A study released Dec. 19 by FERC, NERC and the Texas Reliability Entity on black-start resource availability in Texas raises concerns about ERCOT’s dependence on natural gas to kick-start the grid during an emergency (AD24-5).

The study was launched in November 2022, following a recommendation by the commission and NERC’s joint inquiry into the winter storm that caused mass outages across Texas and the South Central U.S. in February 2021. (See FERC, NERC Release Final Texas Storm Report.) Staff focused on the availability of black-start and next-start resources and ERCOT’s procurement of black-start resources for its system restoration plan, while also assessing registered entities’ black-start resource testing, fuel-switching tests, fuel delivery infrastructure and other activities.

A black-start resource is a generating unit and its associated equipment that can be started without external support from the electric grid, or that is designed to remain energized without connection to the broader system. The first generator in a cranking path to be energized using power from the black-start unit is called a next-start unit.
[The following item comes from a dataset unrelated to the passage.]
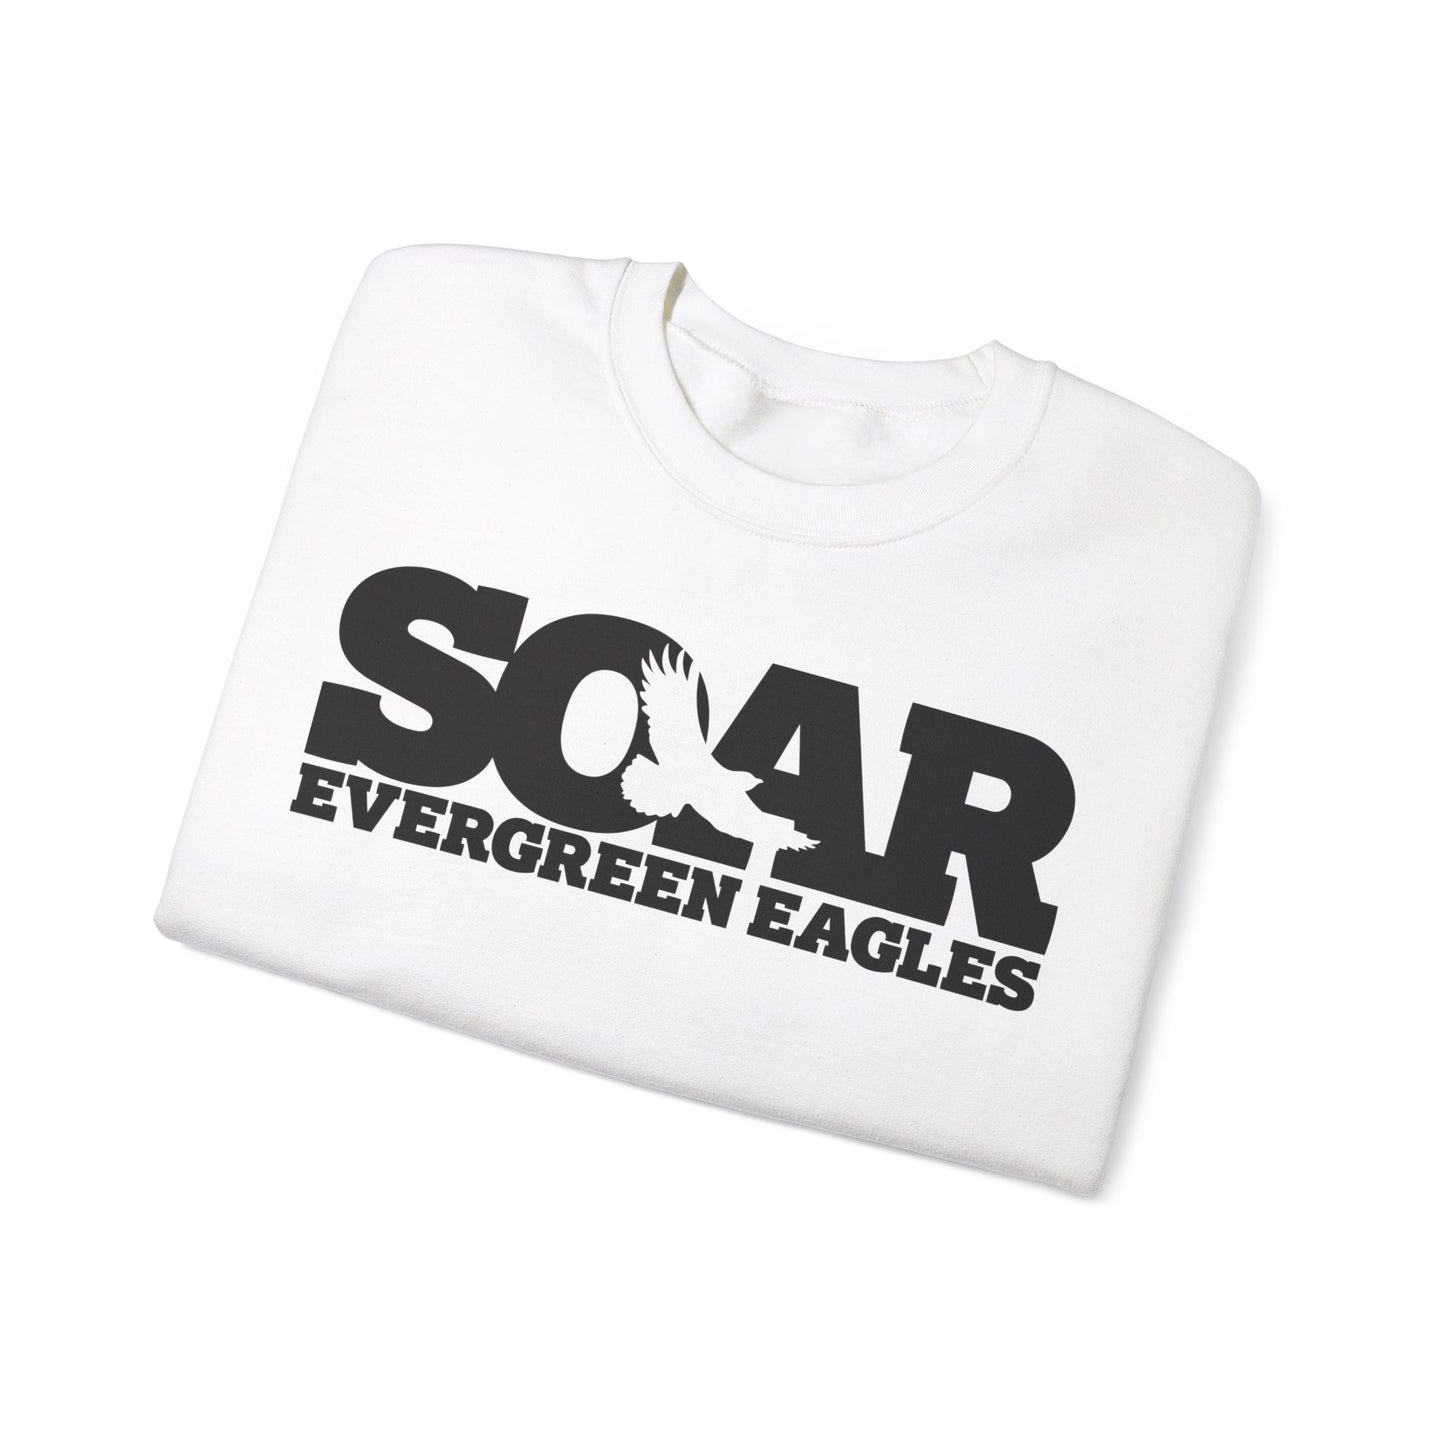 SOAR Evergreen Elementary Crewneck - Adult

Chanel Chasanov, FERC | FERC

The report indicated that ERCOT has well-defined processes for securing enough black-start resources to meet the needs of its restoration plan. However, ERCOT’s heavy reliance on natural gas for black-start and next-start generation could create problems. Presenting the report at the commission’s open meeting Dec. 19, Chanel Chasanov, of FERC’s Office of the General Counsel, said the study highlighted the “shared responsibility and need for the electric and natural gas industries to work together to plan for a blackout.”

Nine entities participated in the study, according to the report. The team aimed to identify participants that:

    • were subject to NERC reliability standard EOP-005-3 (System restoration from blackstart resources);
    • were located within ERCOT and possess different types of black-start resources;
    • had significant responsibilities during black-start restoration;
    • produced, processed and transported natural gas to black-start and next-start resources;
    • have experienced natural gas curtailments; and
    • have performed black-start resource testing under actual or anticipated conditions.

FERC, NERC and Texas RE staff reviewed documents provided by each participant and conducted on-site and virtual discussions to gain more information. After identifying best practices and opportunities for improvement among the entities, they produced several recommendations for addressing potential shortcomings.

The first set of recommendations applies to entities responsible for developing and implementing black-start restoration plans. Members of the study team advised entities to examine each black-start resource’s limits, including potential fuel issues and single points of failure.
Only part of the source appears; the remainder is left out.